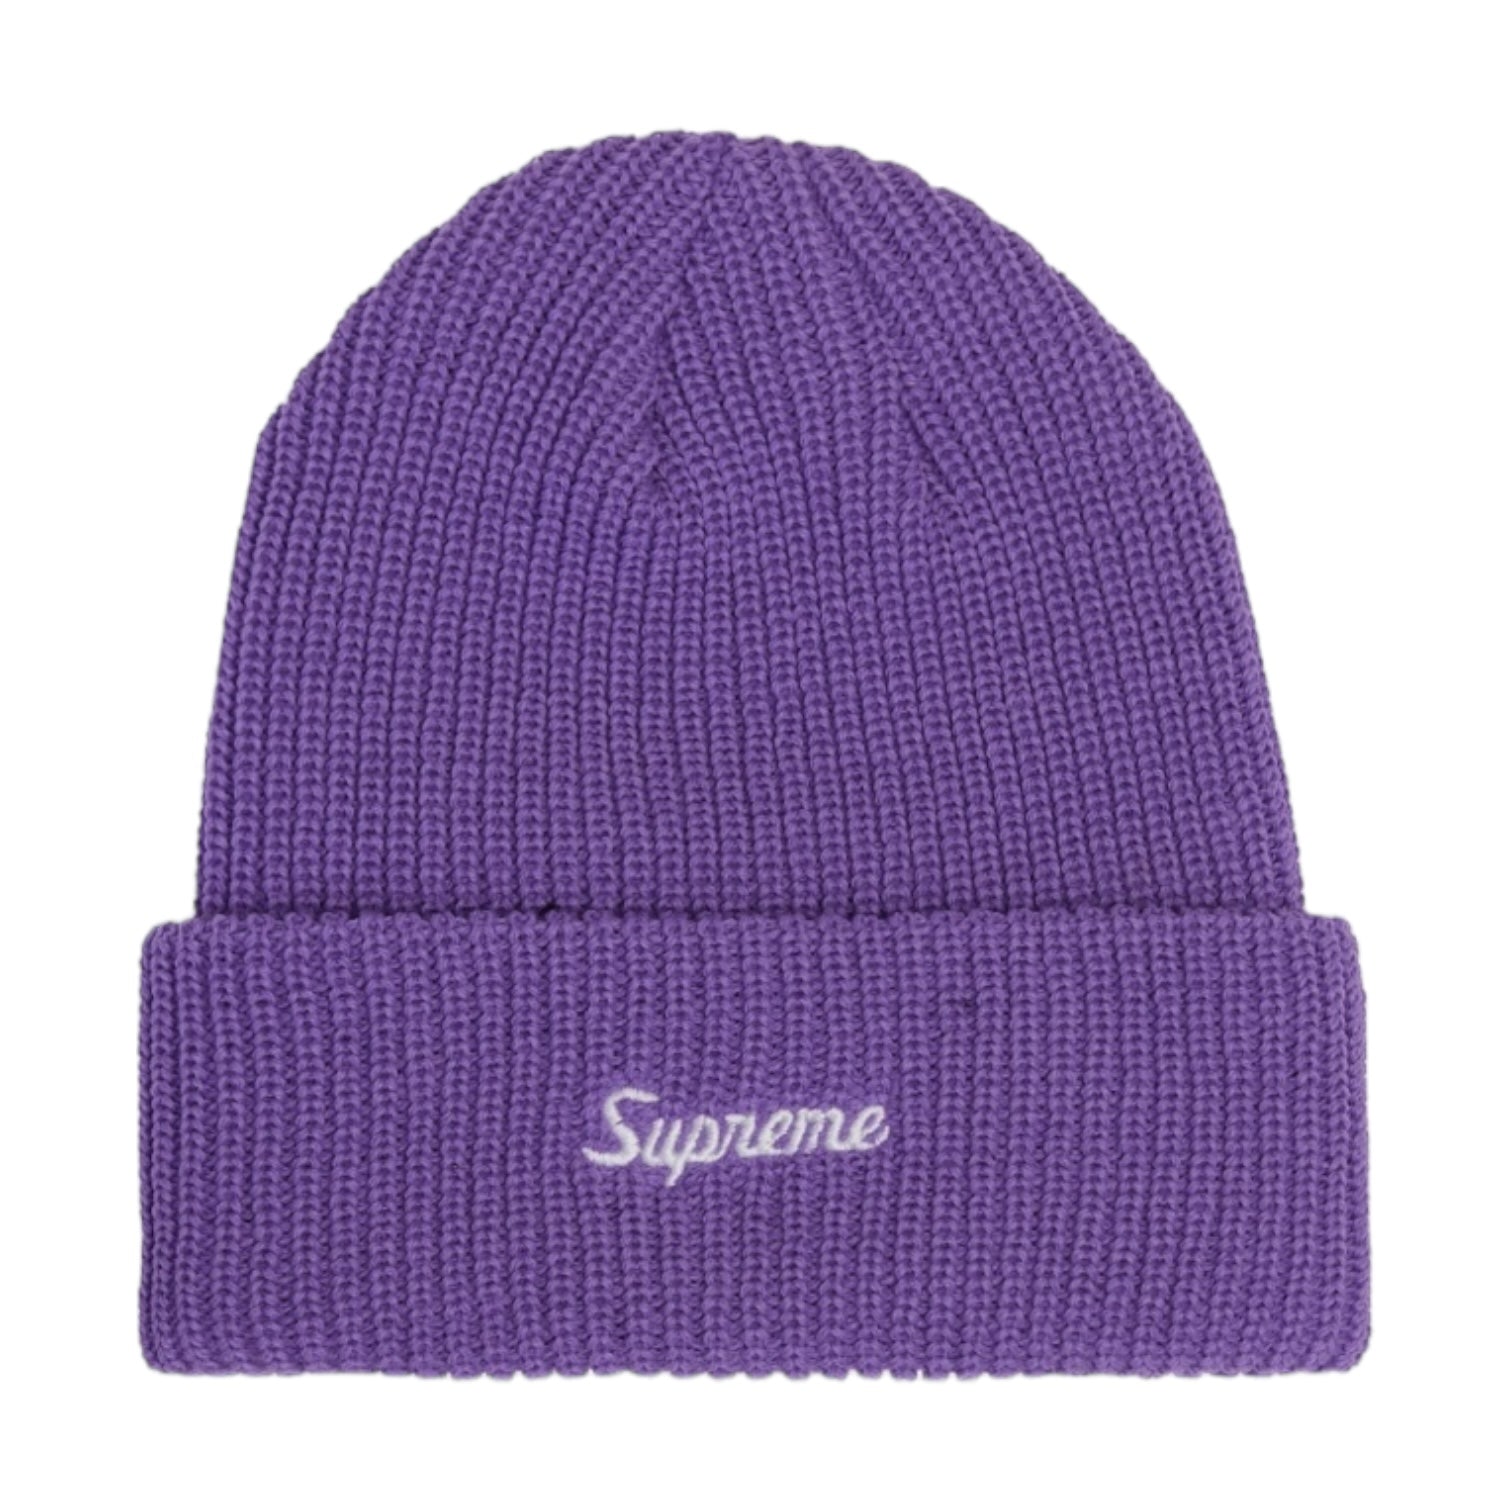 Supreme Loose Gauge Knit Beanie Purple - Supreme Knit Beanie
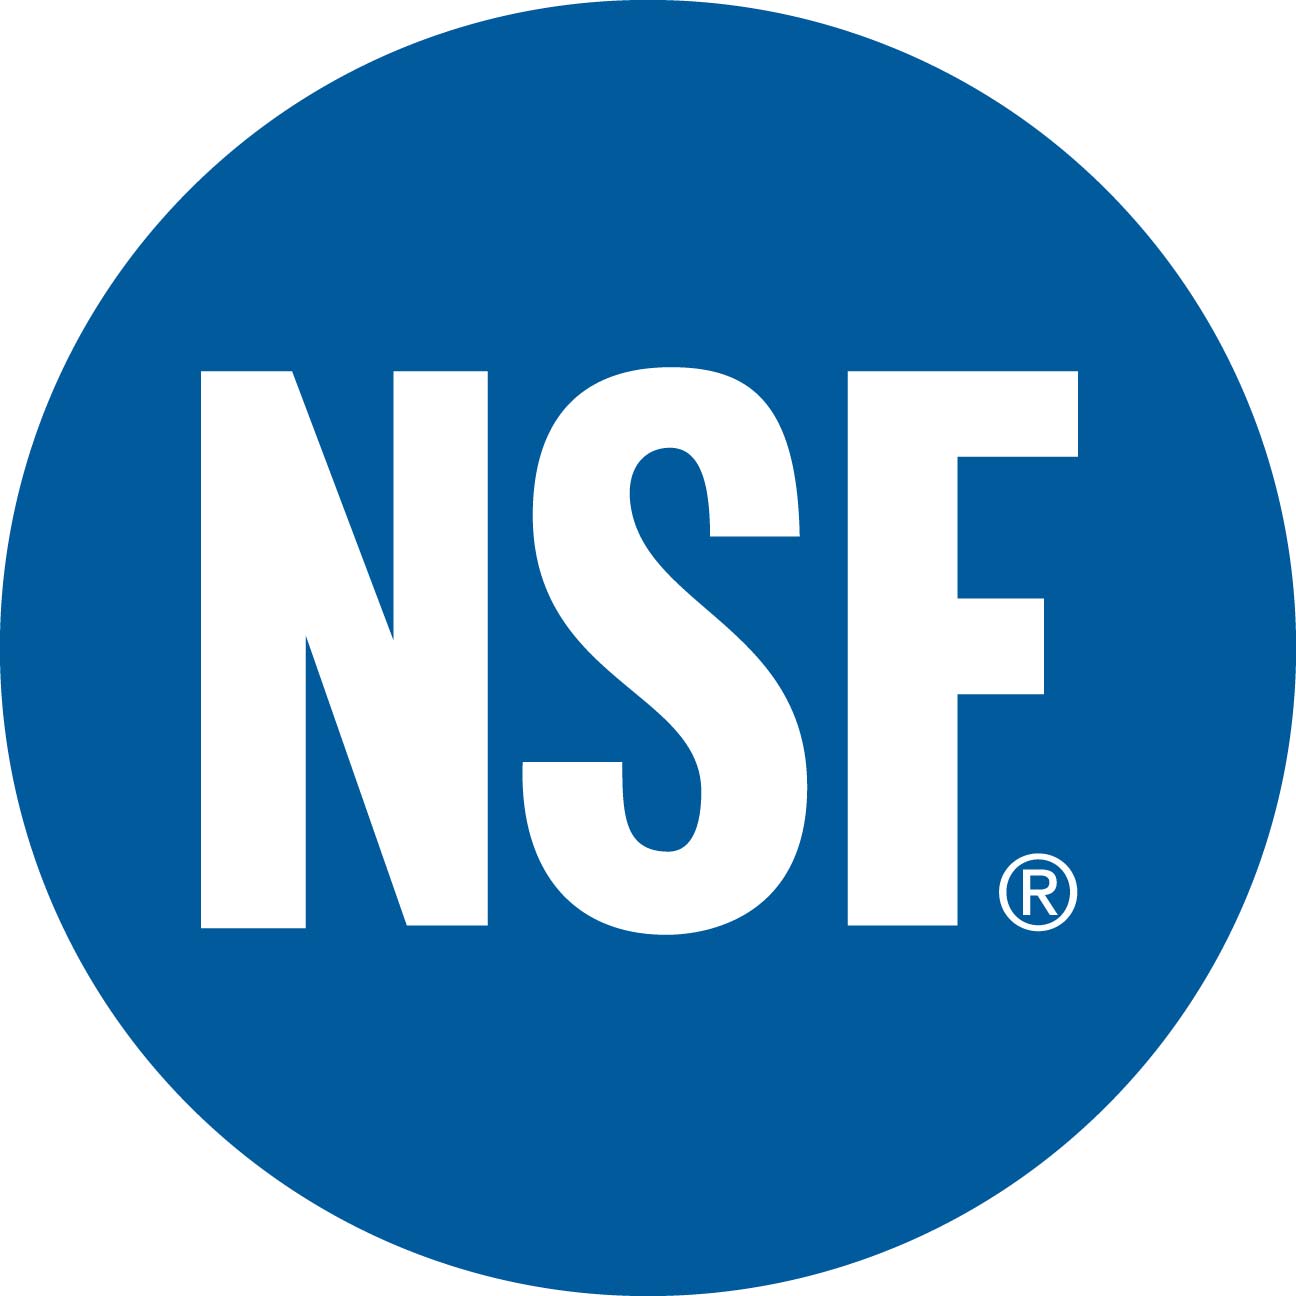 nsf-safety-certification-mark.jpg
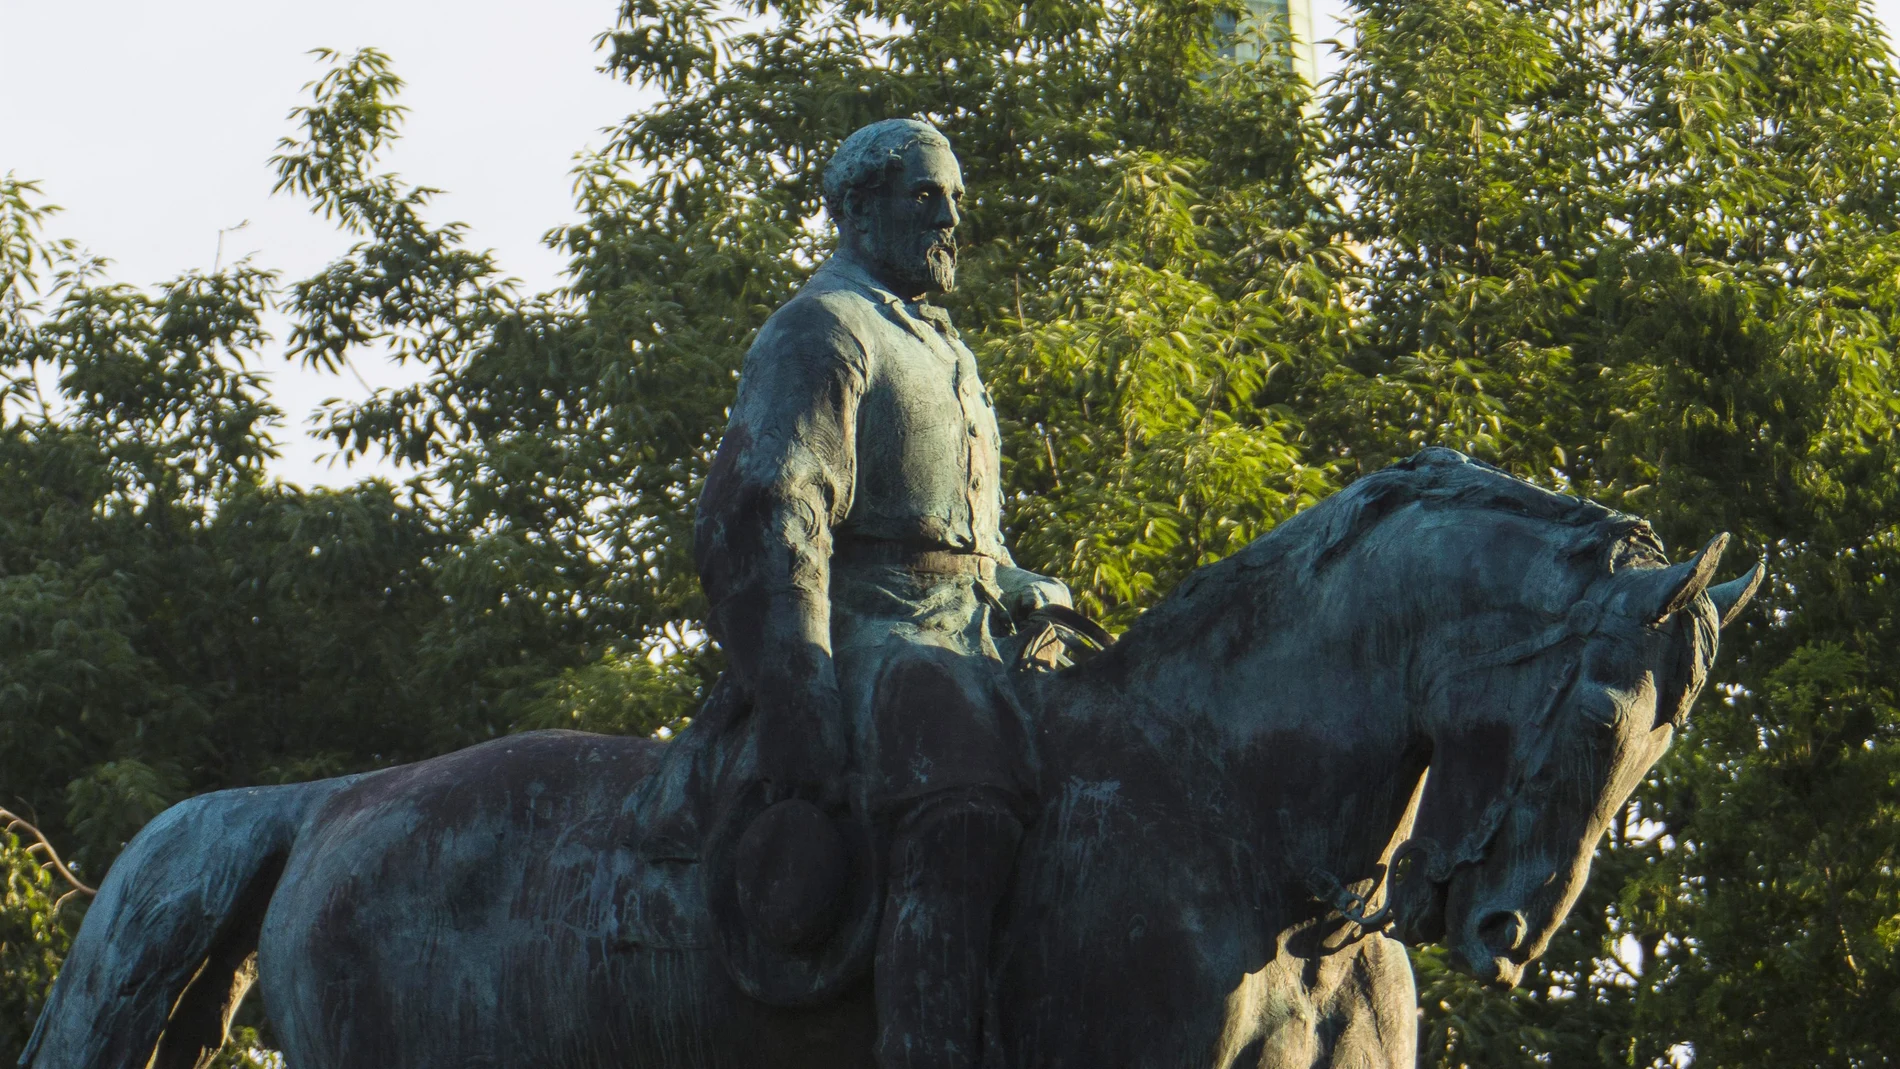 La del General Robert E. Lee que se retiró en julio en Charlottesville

## [Directions]
Quote exactly the lines from the one that contains "nsf-safety-certification-mark.jpg" through the end of the listing above, both ends included, leaving out the pictures.

## [Result of the exercise]
 nsf-safety-certification-mark.jpg
 La del General Robert E. Lee que se retiró en julio en Charlottesville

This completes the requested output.